# [EXERCISE GOAL]
All of the listing, from first line to last, should be output exactly; the pictures stay out.

# [INFORMATION SHOWN]
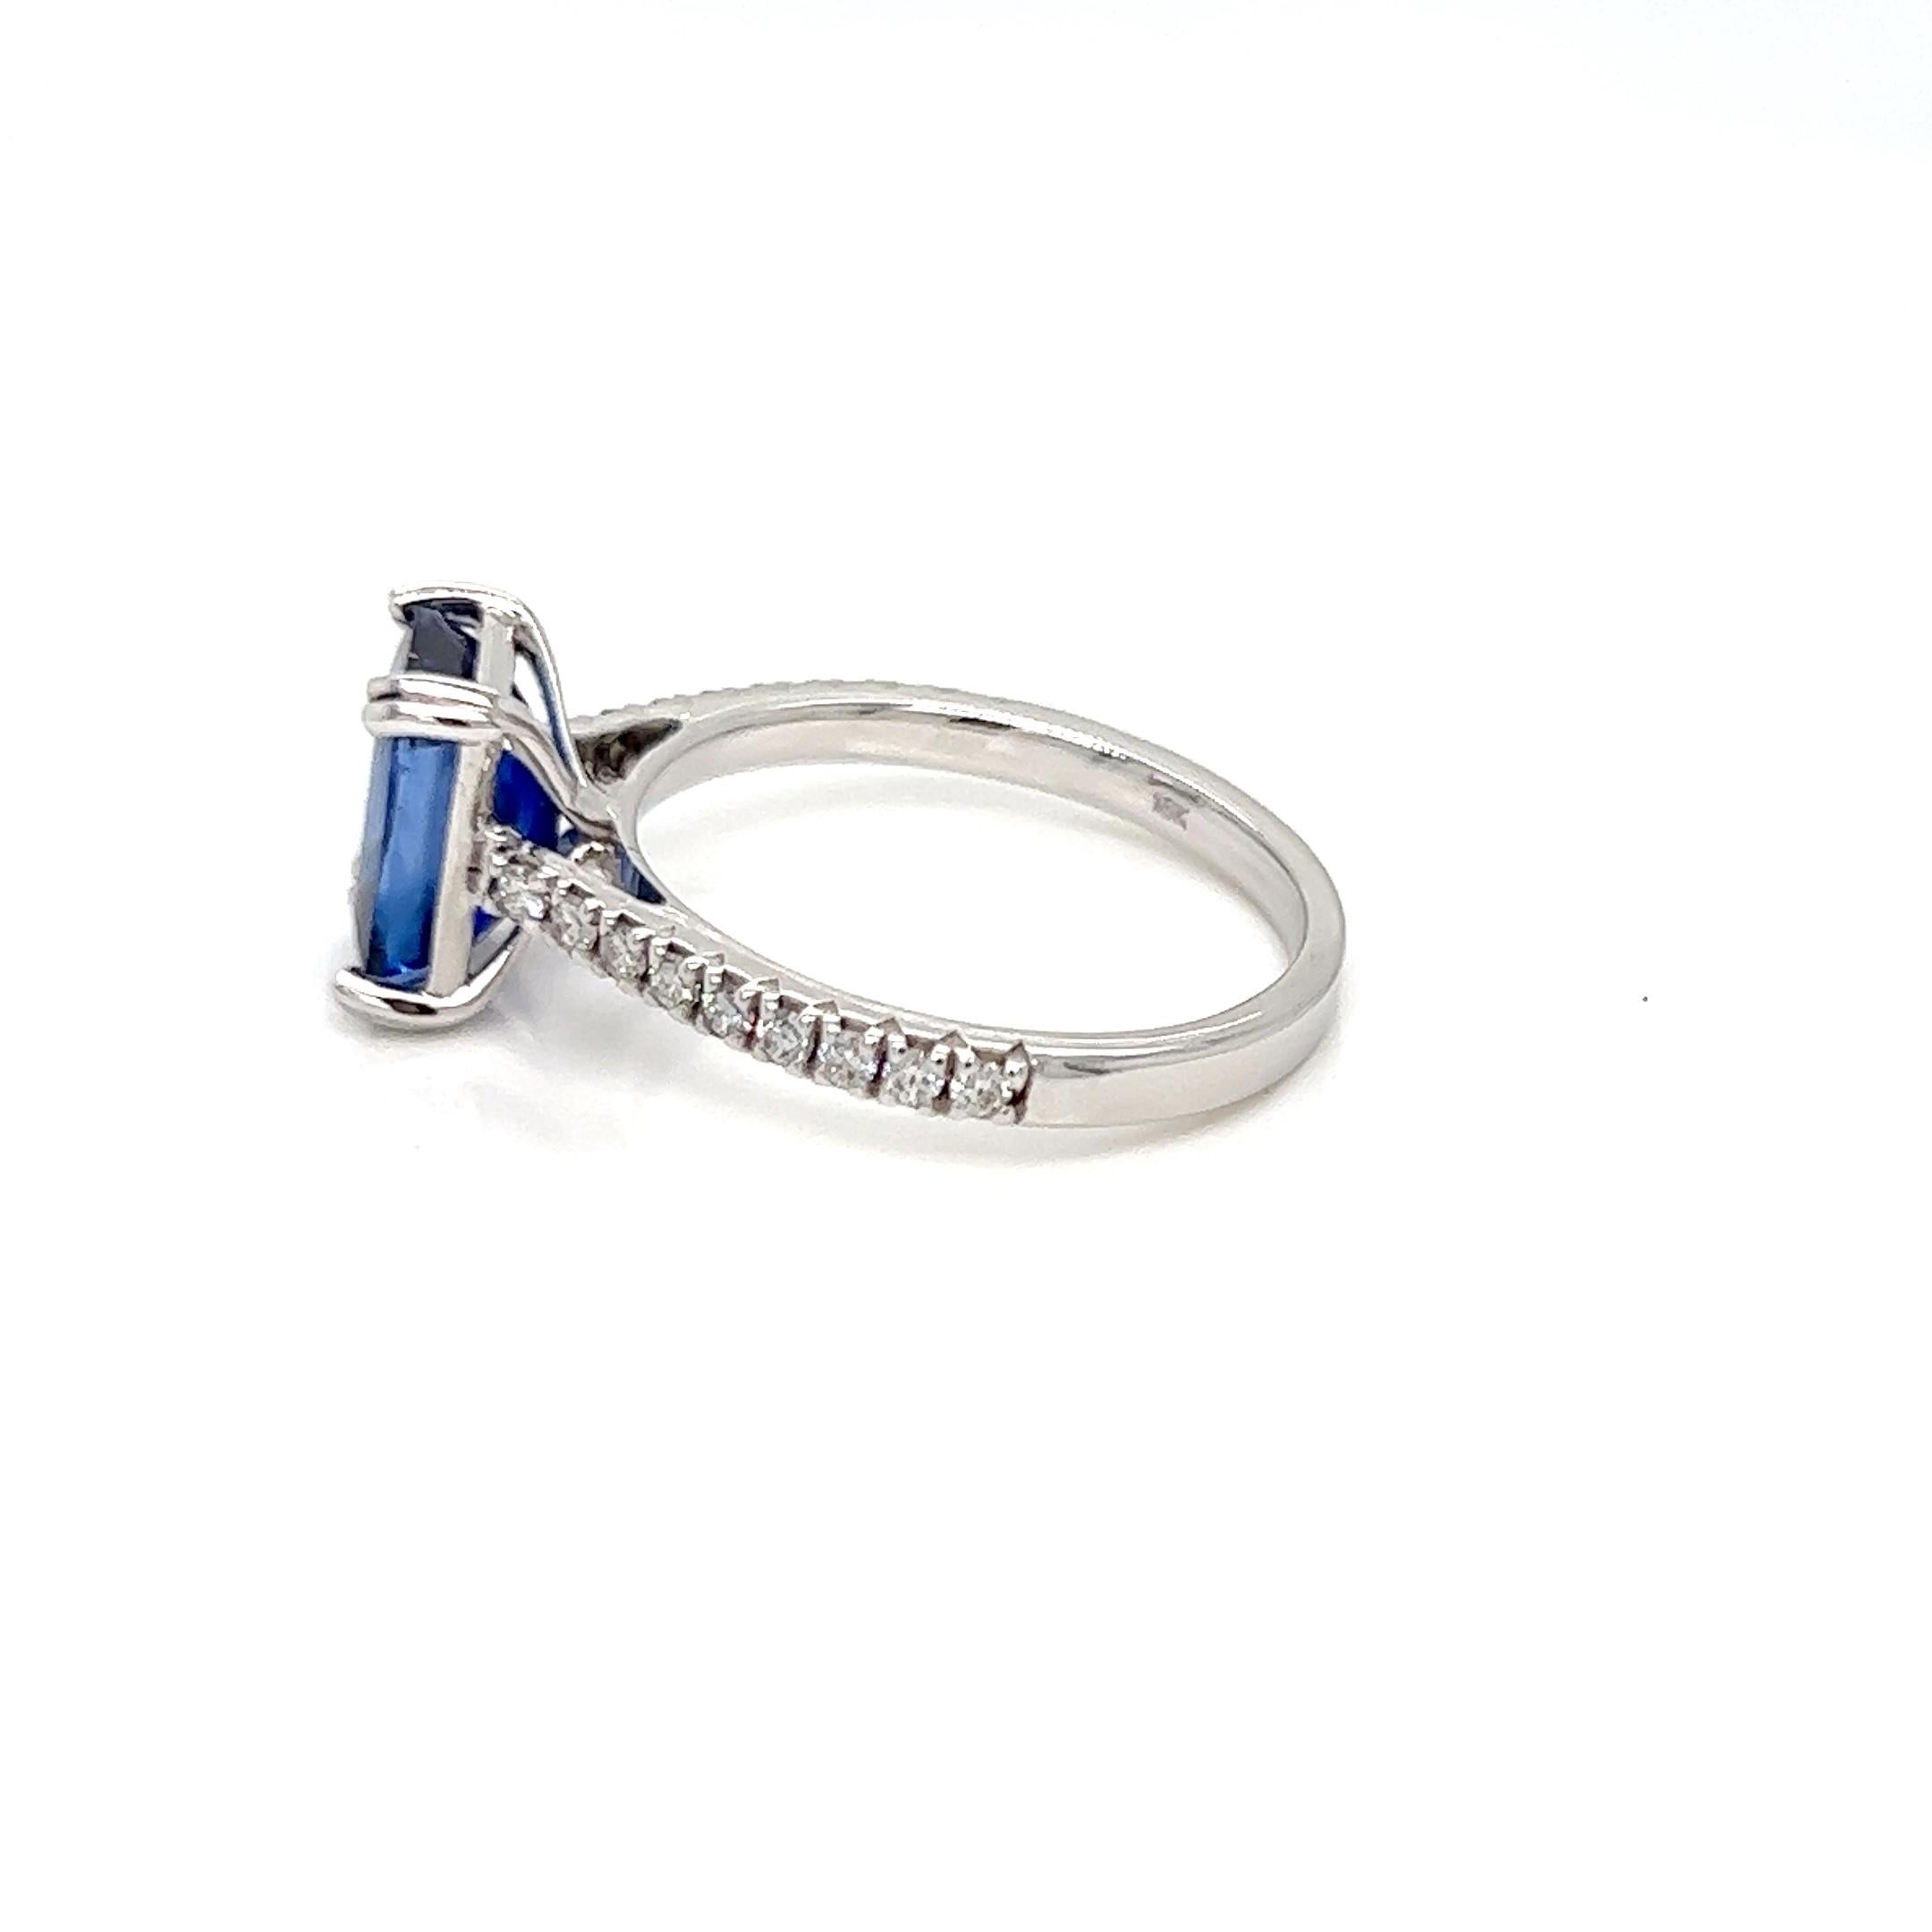 Nous vous présentons 2.75 Carats Emerald Cut Solitaire Sapphire Ring with diamonds made in 14k white gold in the heart of New York City. Cette bague est composée d'un saphir sri lankais de taille émeraude qui n'est pas de qualité commerciale, ce qui
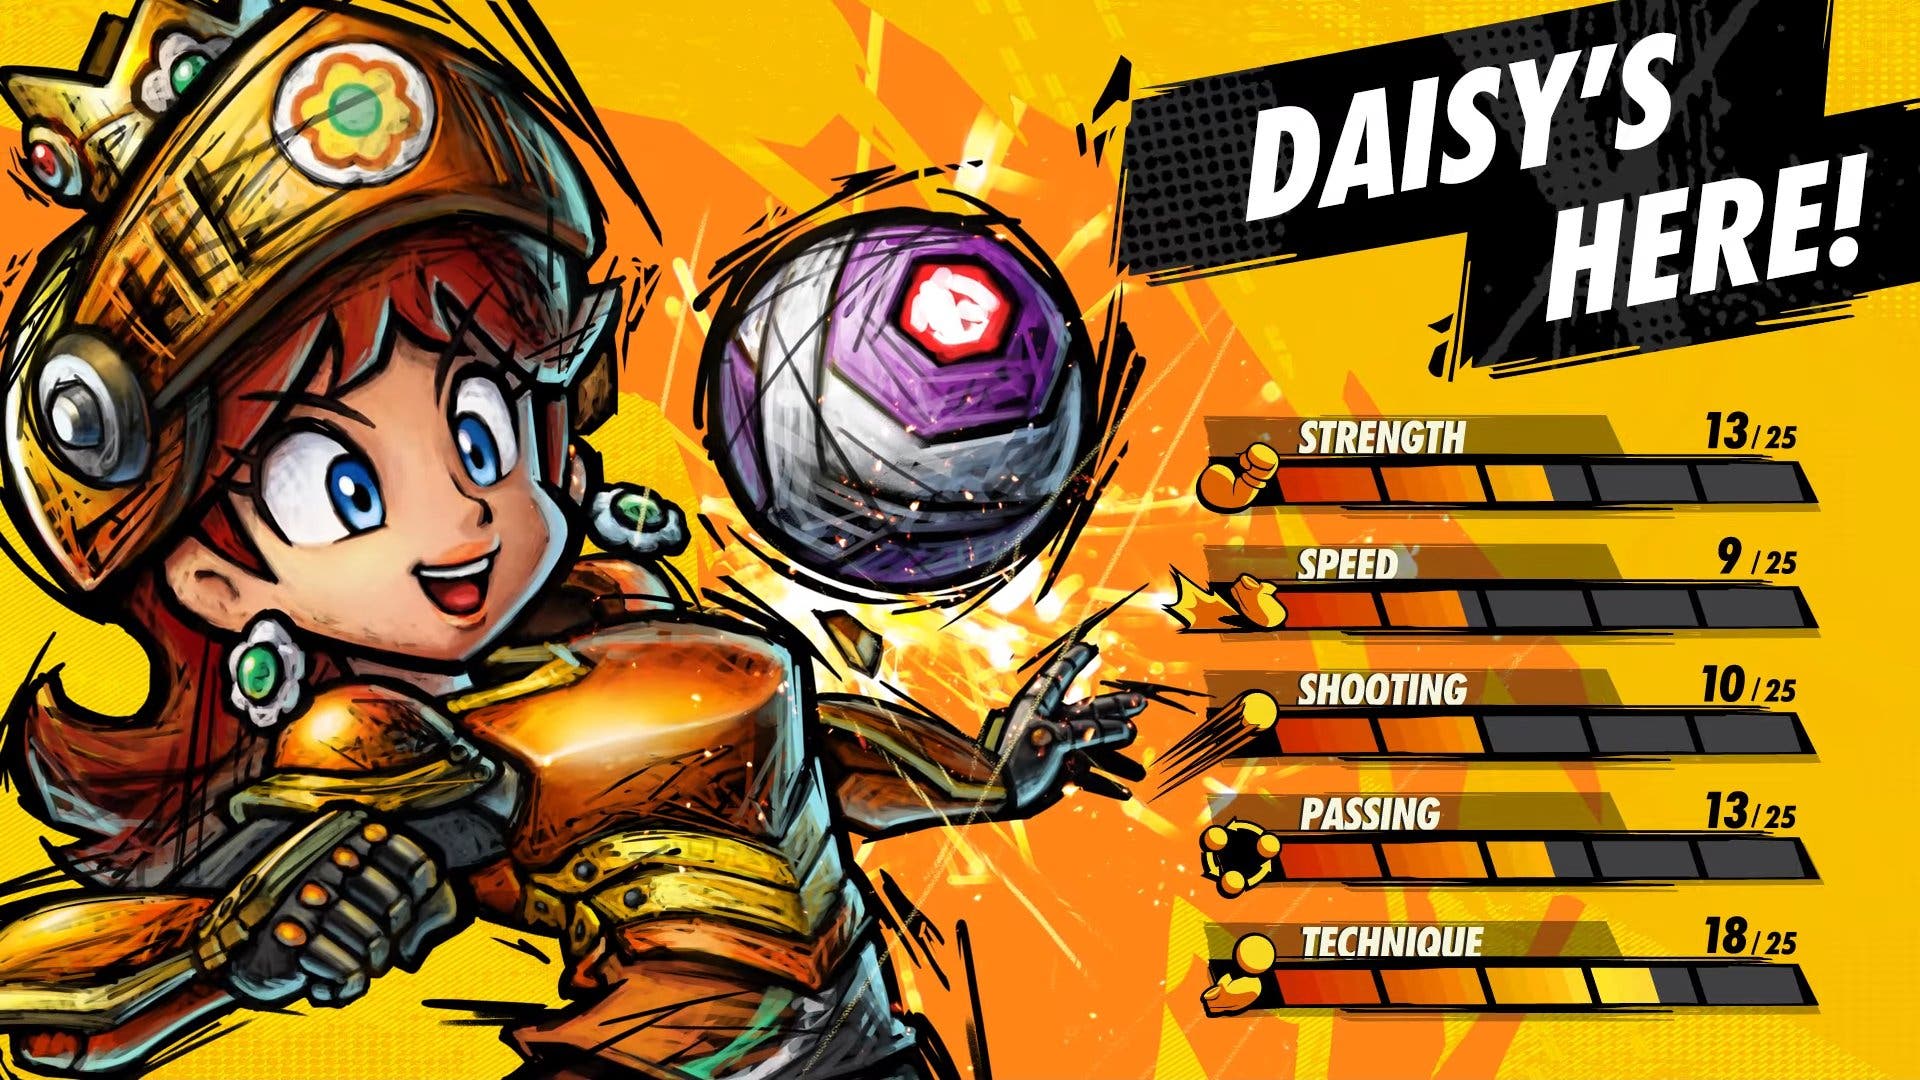 Daisy confirma su llegada a Mario Strikers: Battle League Football, entre otras novedades
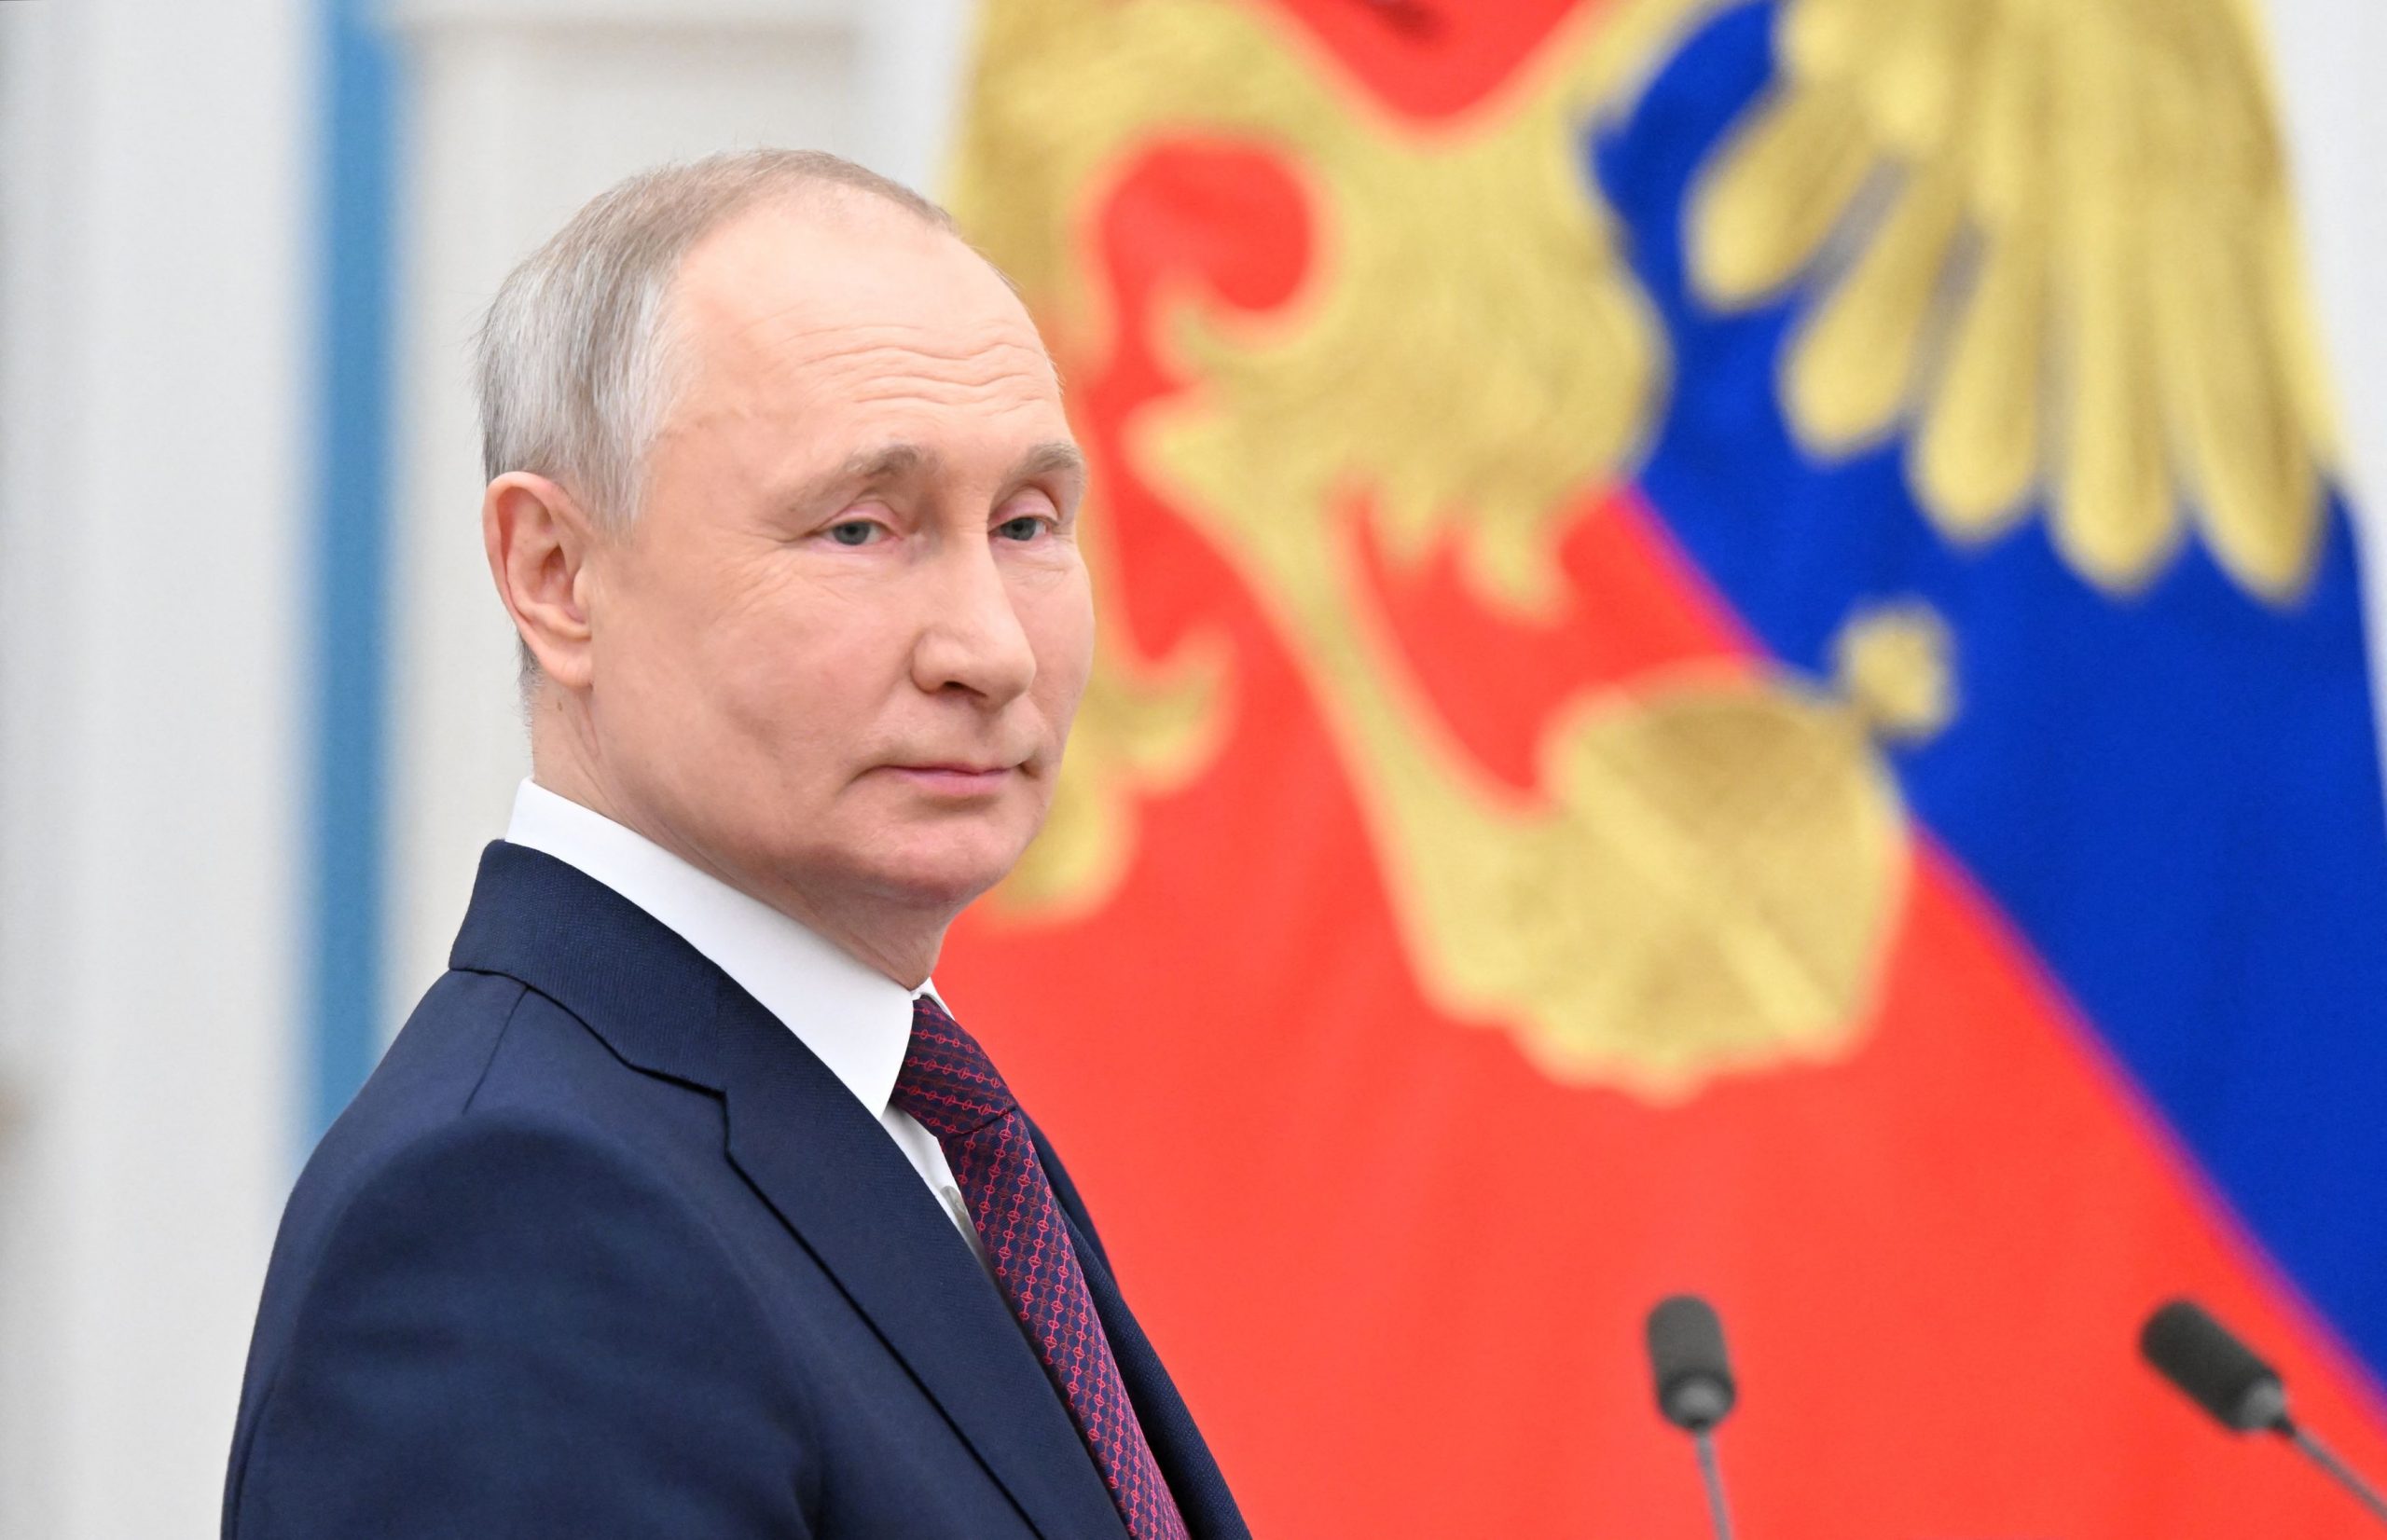 Ρωσία: Πώς ο Πούτιν έχει πείσει όλο τον κόσμο ότι οι δυτικές κυρώσεις δεν αποδίδουν καρπούς

# [ANSWER TO THE PROBLEM]
 Nous vous présentons 2.75 Carats Emerald Cut Solitaire Sapphire Ring with diamonds made in 14k white gold in the heart of New York City. Cette bague est composée d'un saphir sri lankais de taille émeraude qui n'est pas de qualité commerciale, ce qui
 Daisy confirma su llegada a Mario Strikers: Battle League Football, entre otras novedades
 Ρωσία: Πώς ο Πούτιν έχει πείσει όλο τον κόσμο ότι οι δυτικές κυρώσεις δεν αποδίδουν καρπούς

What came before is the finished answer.